Task prompt →
Print nothing except the line holding "Product Information in" and the lines that come after it in the material below, and leave the pictures out.

Given material →
..............................

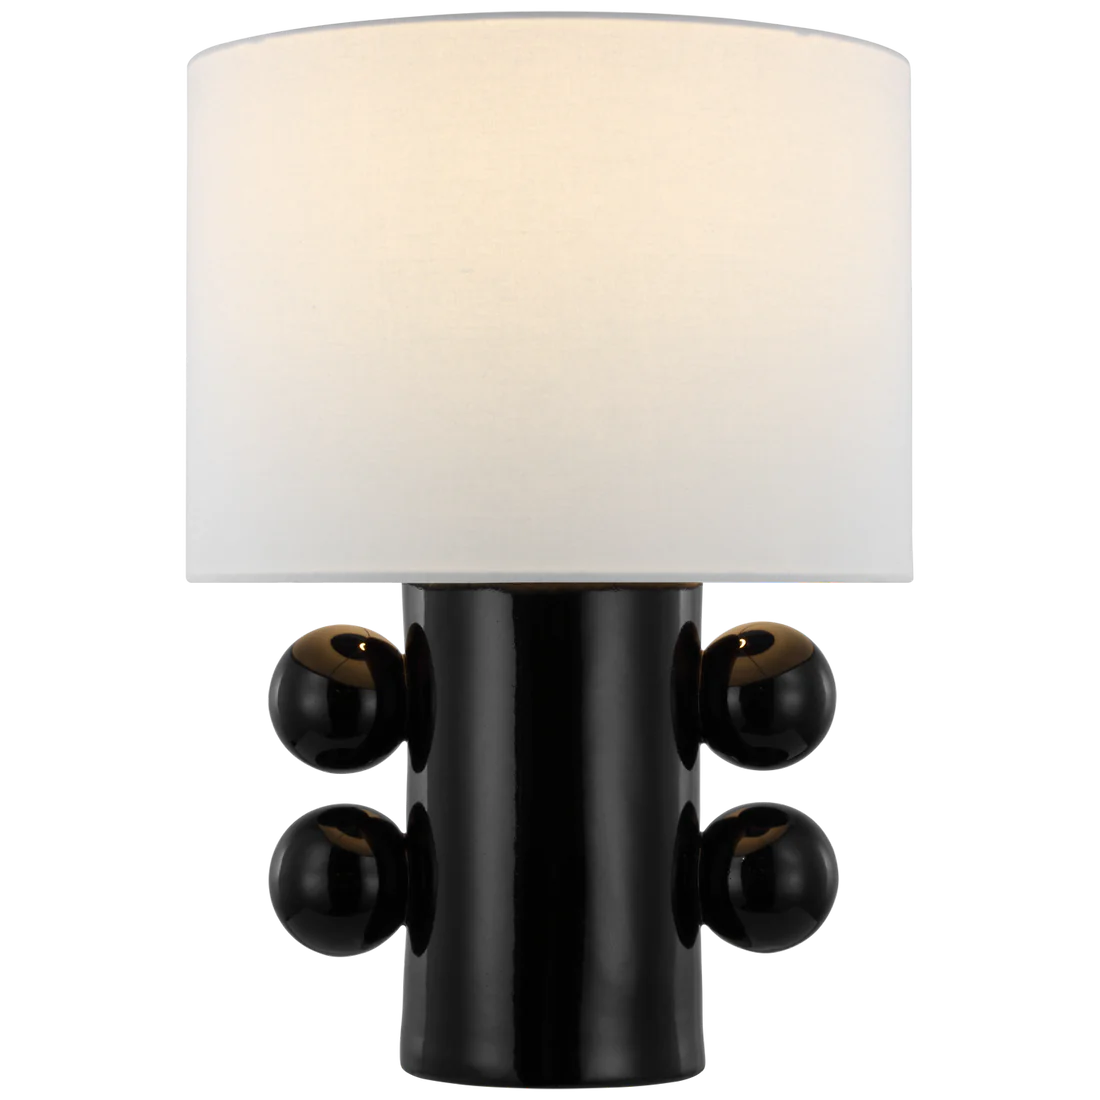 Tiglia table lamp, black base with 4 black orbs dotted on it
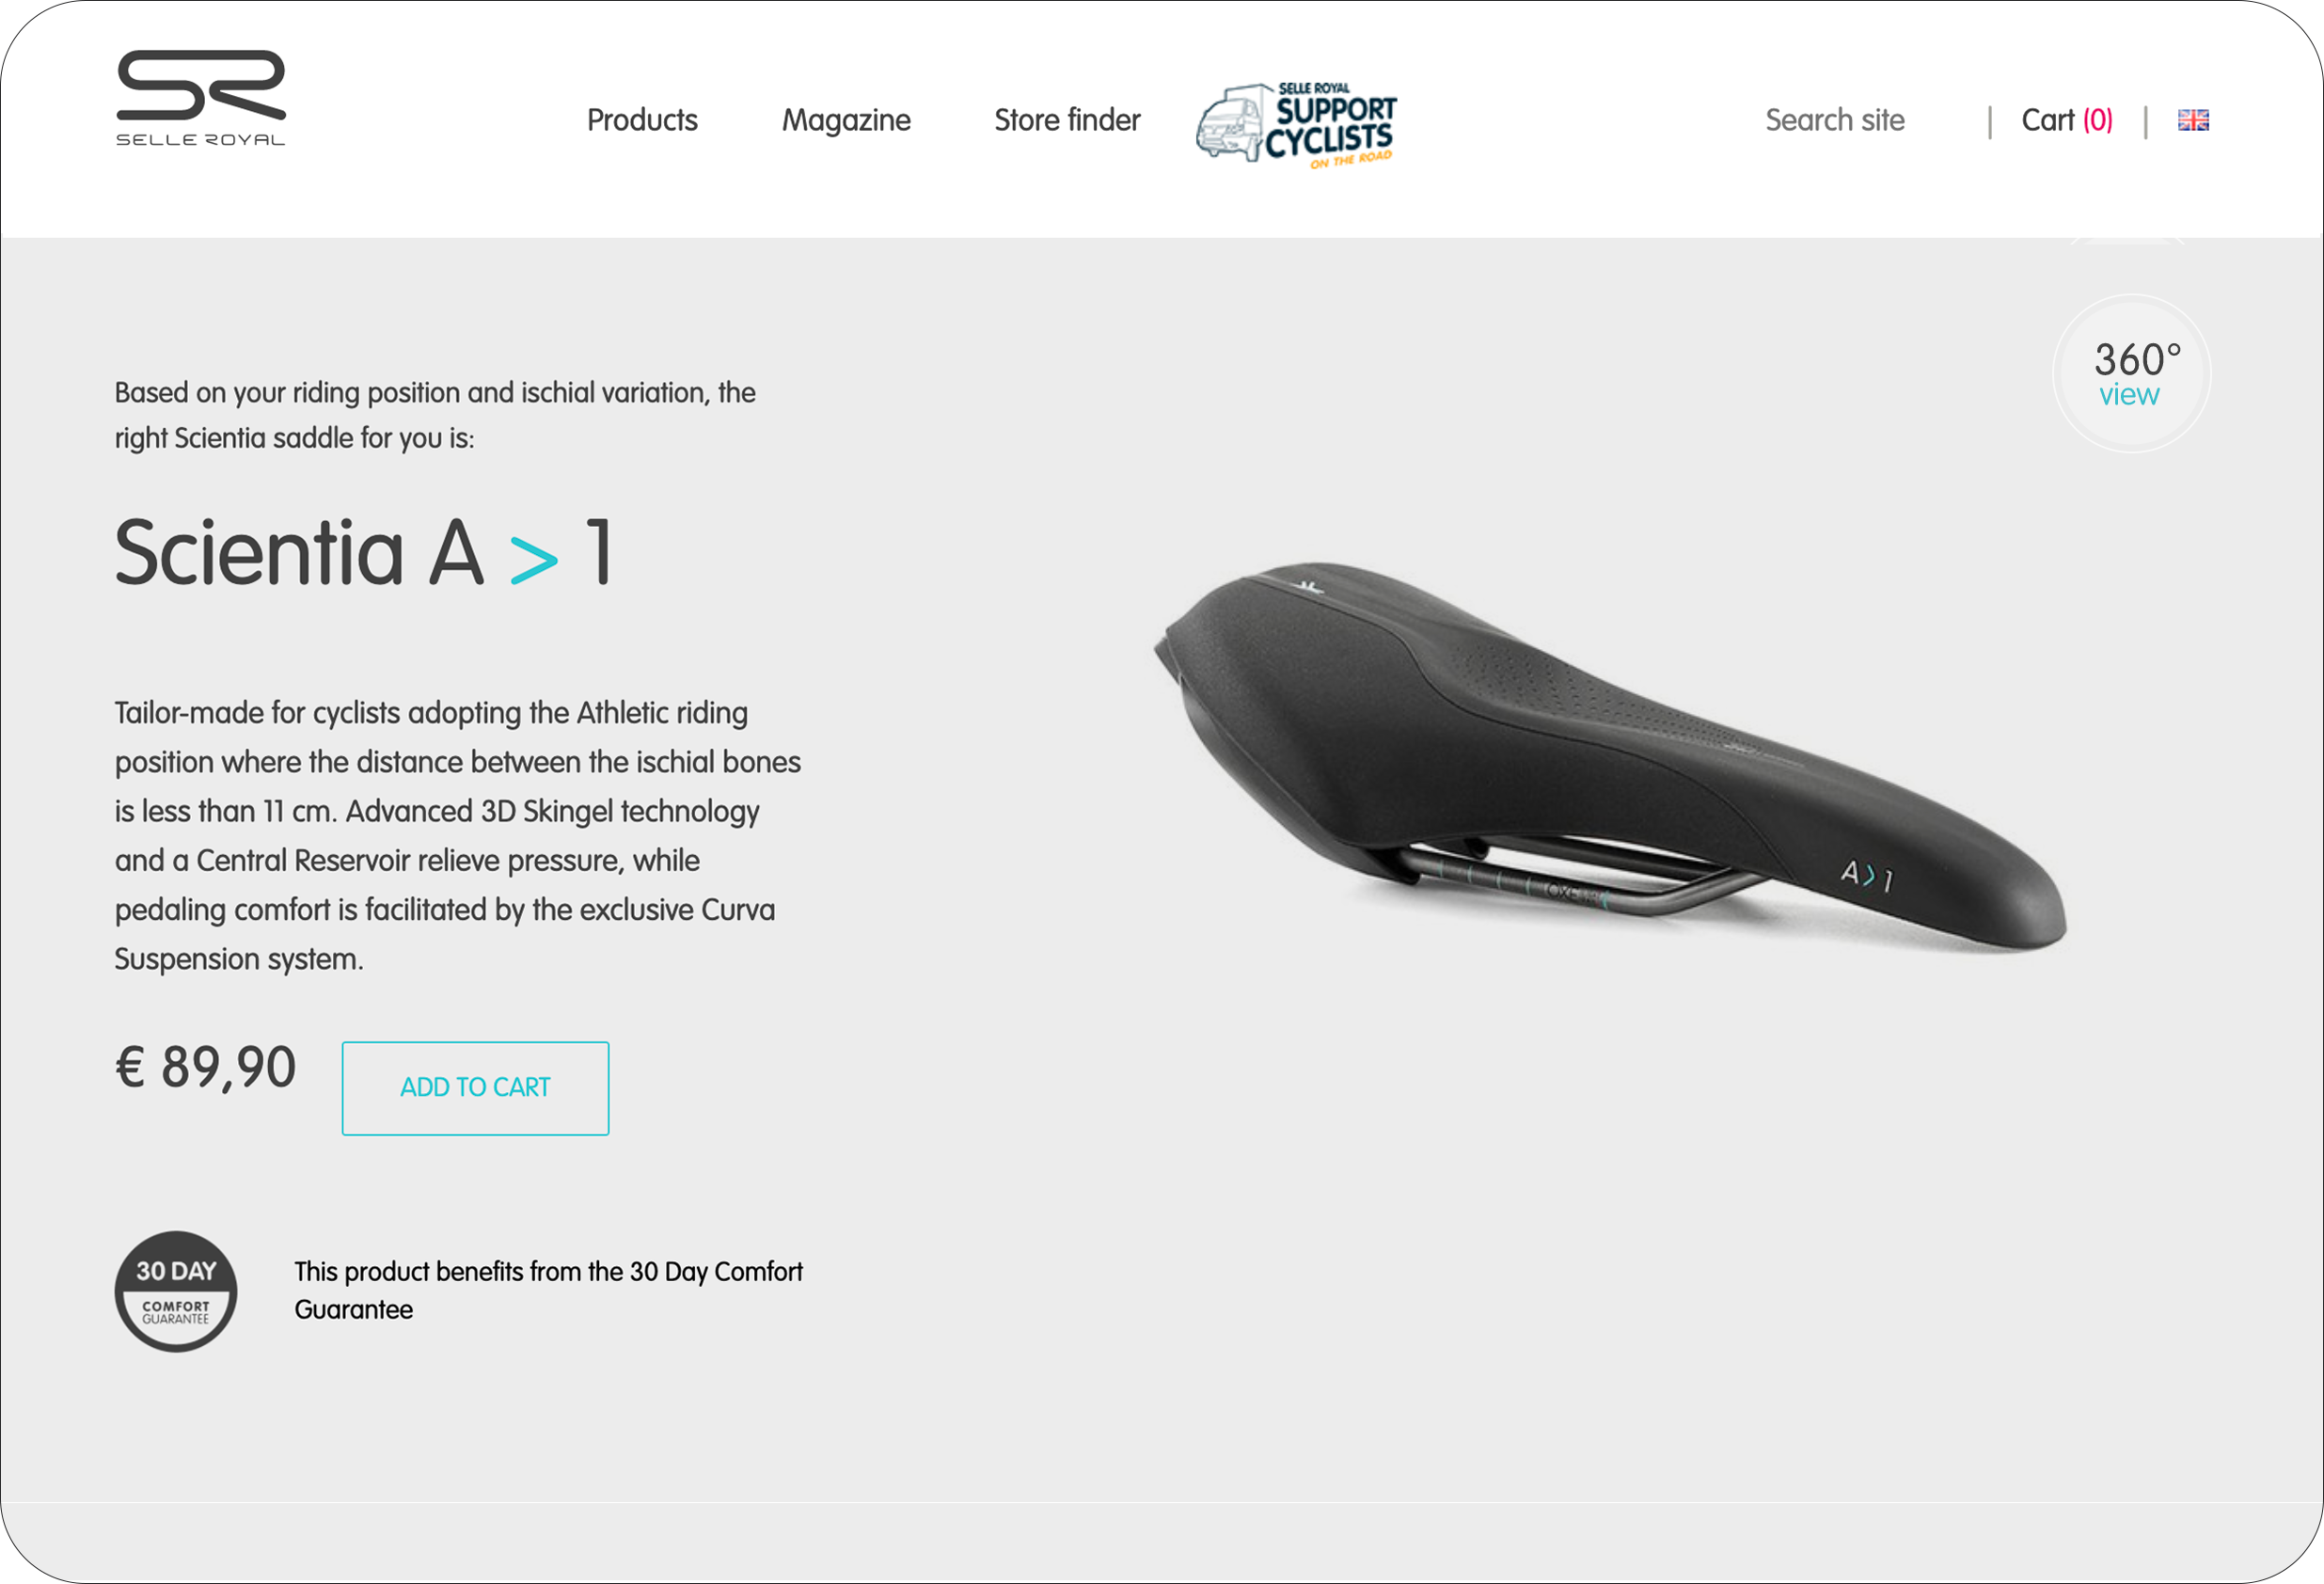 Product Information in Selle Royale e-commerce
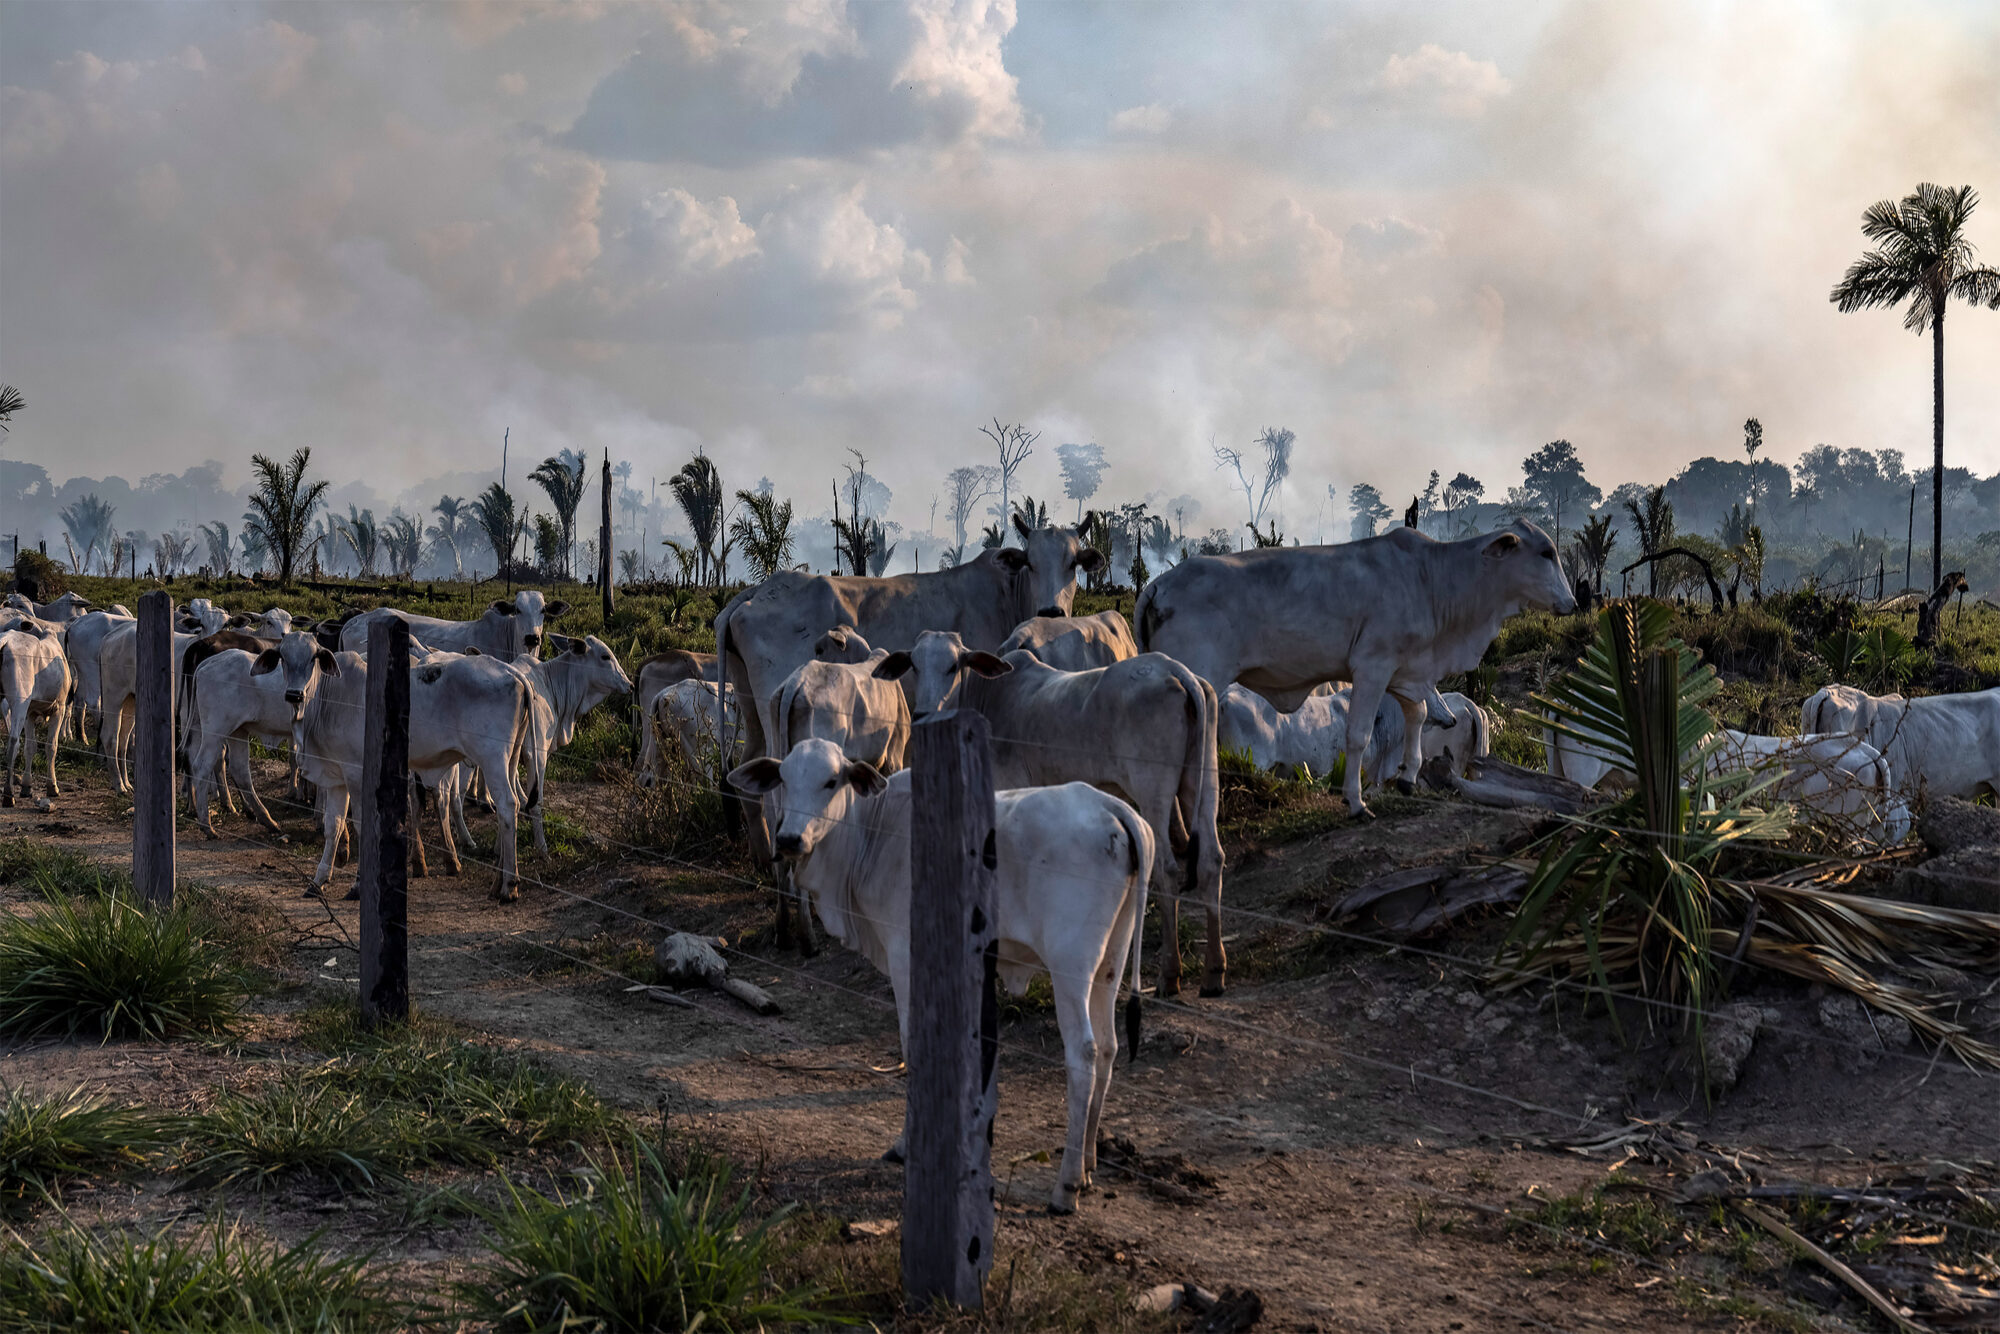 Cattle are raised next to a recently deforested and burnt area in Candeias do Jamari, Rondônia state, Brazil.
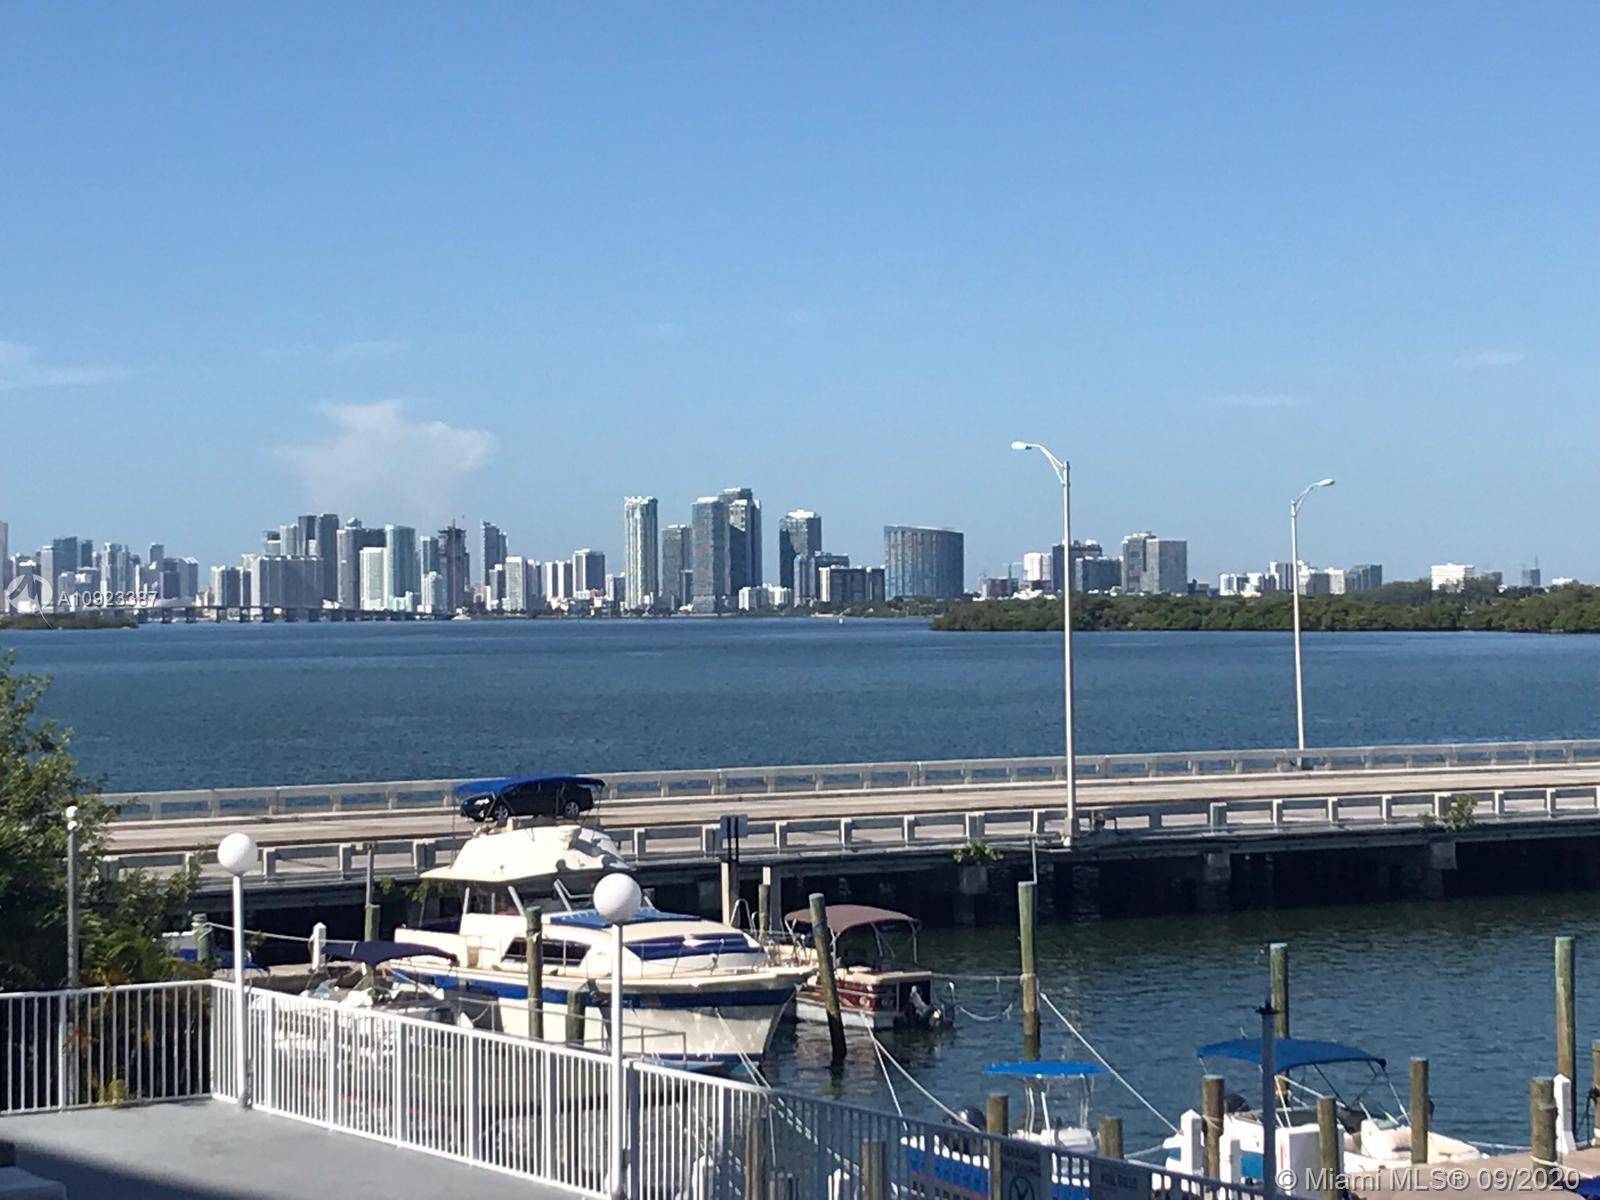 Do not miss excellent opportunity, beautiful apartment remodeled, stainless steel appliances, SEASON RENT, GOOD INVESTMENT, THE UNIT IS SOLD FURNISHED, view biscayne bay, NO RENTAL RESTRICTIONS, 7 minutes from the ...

..............................

Answer to this task →
 Product Information in Selle Royale e-commerce
 Cattle are raised next to a recently deforested and burnt area in Candeias do Jamari, Rondônia state, Brazil.
 Do not miss excellent opportunity, beautiful apartment remodeled, stainless steel appliances, SEASON RENT, GOOD INVESTMENT, THE UNIT IS SOLD FURNISHED, view biscayne bay, NO RENTAL RESTRICTIONS, 7 minutes from the ...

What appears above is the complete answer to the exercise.